Hard Data + Higher Math = Better Outcomes.
You hear it all the time: history repeats itself. In insurance, history holds outsized importance, in part because it is what governs the future. How claims have been handled in the past largely indicates how they will be handled today. Yet the industry’s longstanding best practices for analyzing historical data—combining some basic rules featuring only a handful of variables, supported by intuition and hunches—has invariably led to less-than-optimal outcomes and wasteful expenditures. Conventional wisdom is undoubtedly fallible.
The arrival of predictive modeling in commercial insurance lines promises to go a long way toward improving that situation. It brings greater mathematical muscle to the table. Industry leaders such as Zurich are putting vast resources behind applying disciplined, statistical techniques to large quantities of data, including data beyond internal historical data, such as industry and census data. By considering many variables simultaneously and sorting out the underlying relationships, customers gain greater insight into claims cost drivers and can focus on interventions that provide the greatest benefit. Preexisting ideas don’t need to dictate as the data speaks for itself, producing greater insights.

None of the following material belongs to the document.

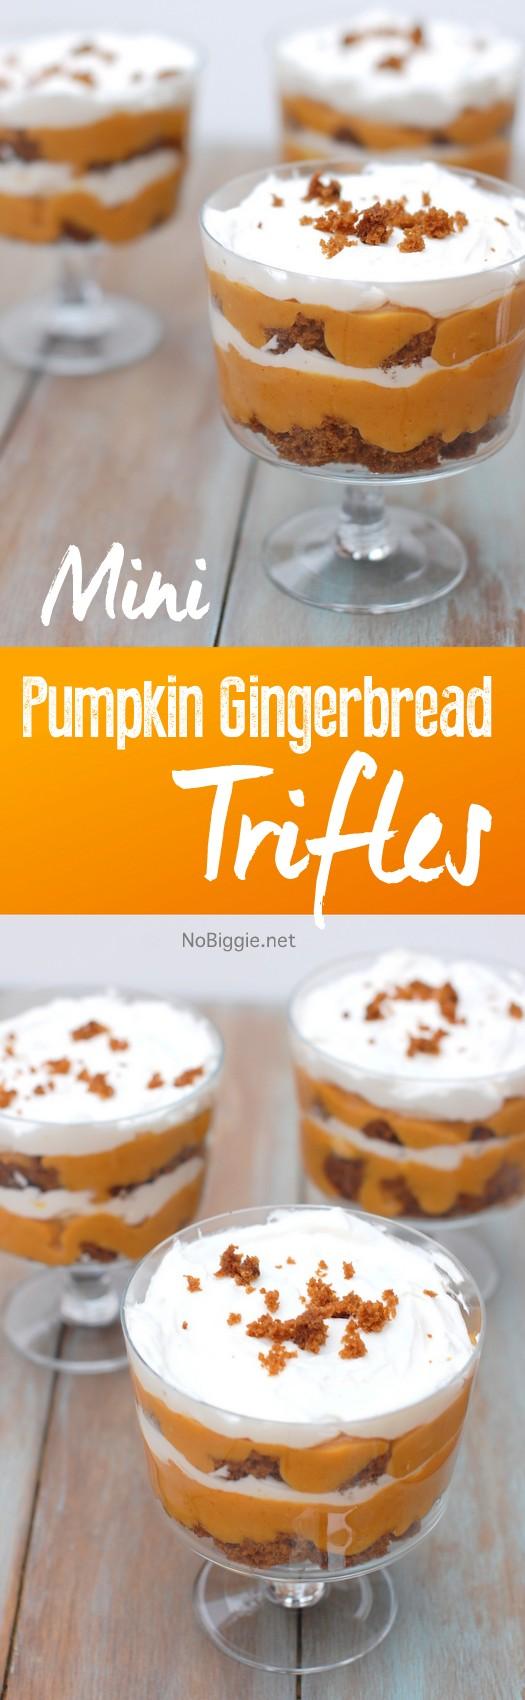 pumpkin gingerbread mini trifles | NoBiggie.net
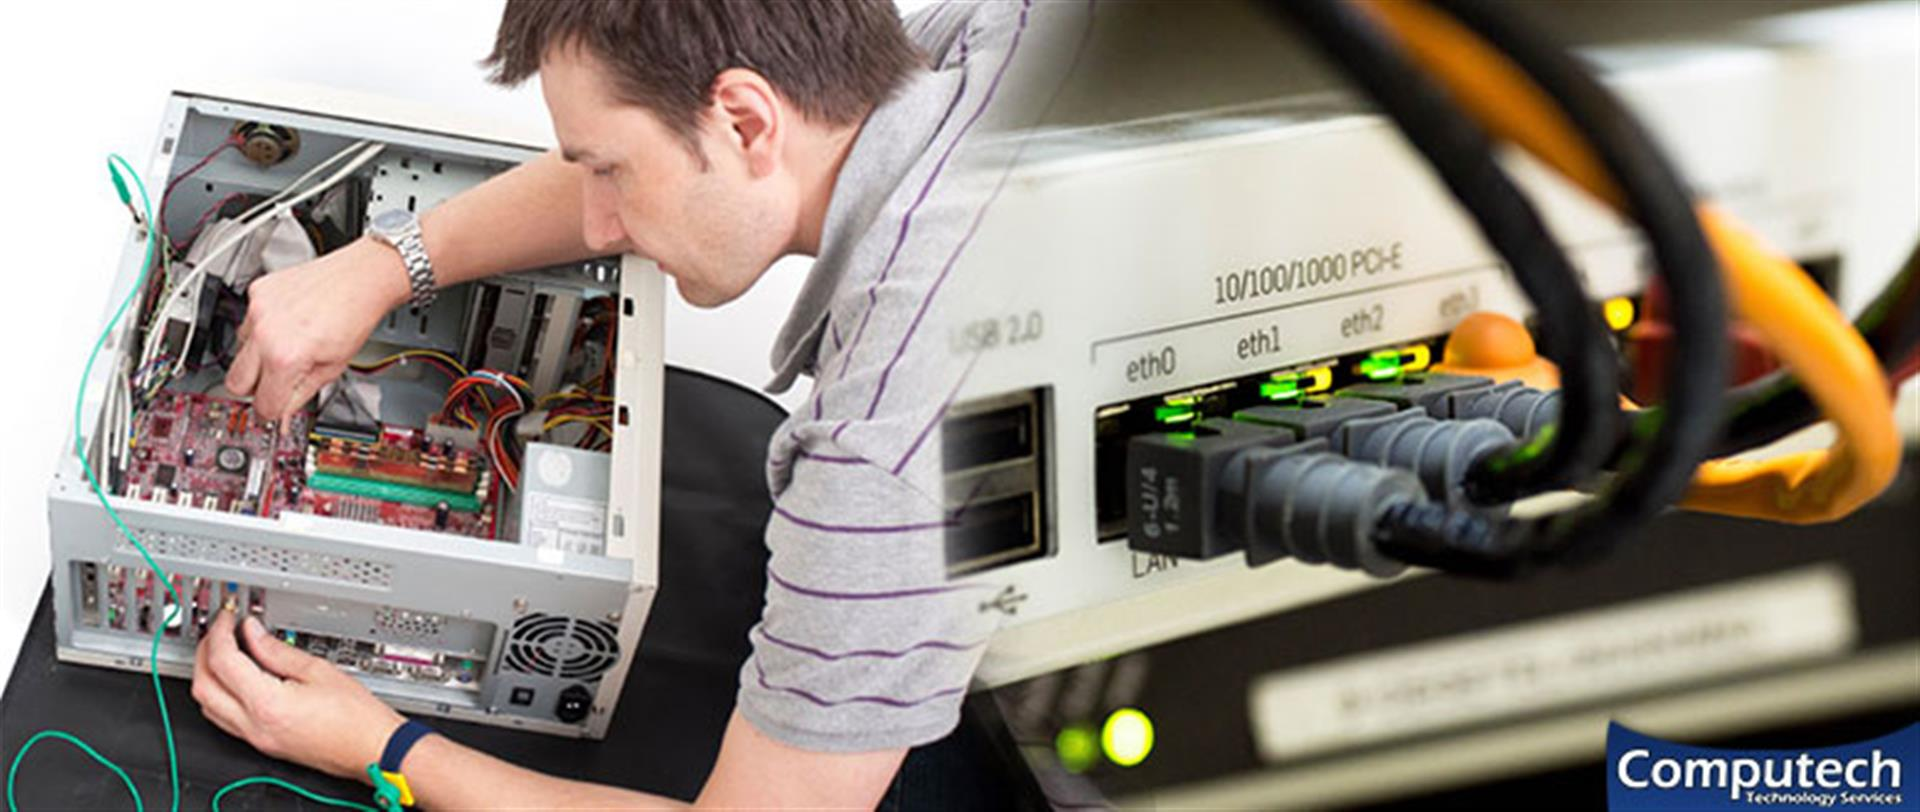 Sylacauga Alabama On Site PC & Printer Repair, Networks, Telecom & Data Cabling Services

The earliest applications of predictive modeling in claims were in fraud detection—identifying characteristics that suggested a claim might be suspicious and need further investigation. The upfront work required for predictive modeling—assembling, collecting and “cleaning” vast quantities of data—required a large investment. Once the foundation is in place, the process gets easier; smaller, incremental investments are needed to move on to models for other issues like severity and propensity. Severity refers to the likely final cost of the claim after all the factors have been considered: in workers’ compensation, for example, severity is broken down into medical cost and the associated wage, or indemnity, cost. Propensity identifies the likelihood that a claim will be a lost-time claim as opposed to a medical-only claim.
“There are almost as many applications for predictive modeling as there are business problems,” says Tom Barger, Director, Zurich Services Corporation, Zurich in North America Claims.
Predictive modeling has helped clarify the notion, for example, that the same injury can have different values in different industries in different states. Such modeling helps put the right claim professional on the claim from the beginning, in terms of the skill level needed. From an efficiency standpoint, the insured gains better, more cost-effective outcomes by paying only for needed expertise and getting proactively managed—not over-handled—claims.
“You want to use appropriately skilled resources when it’s a simple claim,” says George Hansen, Chief Financial Officer, Zurich in North America Claims. “Similarly, when you have something severe and complex, you want to make sure that you have more experienced claim professionals on the case so they can be proactive in identifying issues. For example, in workers’ compensation, we might find characteristics that a claim may benefit from having medical oversight in place sooner. The claimant can get appropriate treatment earlier in the process or make sure there isn’t overtreatment. This allows us to better manage the loss costs.”
“The experienced claim professional has the skill to identify the potential issues with the claim early enough to say, ‘I can see where this is headed—we need to intervene with a proactive return to work plan,’ or, ‘I need to get a nurse involved immediately,’” Barger says.
In workers’ compensation, many customers focus on the severity of a claim. Barger notes that the true bottom line is the total cost of risk, and says that predictive modeling has helped to show the complicated dance between severity and frequency. Its ability to shed light on this relationship will only increase moving forward, to the benefit of both insurer and insured.
“Simply because you have ‘lower severity’ doesn’t necessarily mean you’re getting the best outcome from a total cost of risk standpoint,” Barger says. “The industry hasn’t woken up to that yet. It will start weaving the severity and frequency models together, along with the expenses, to develop a total cost of risk approach for customers.”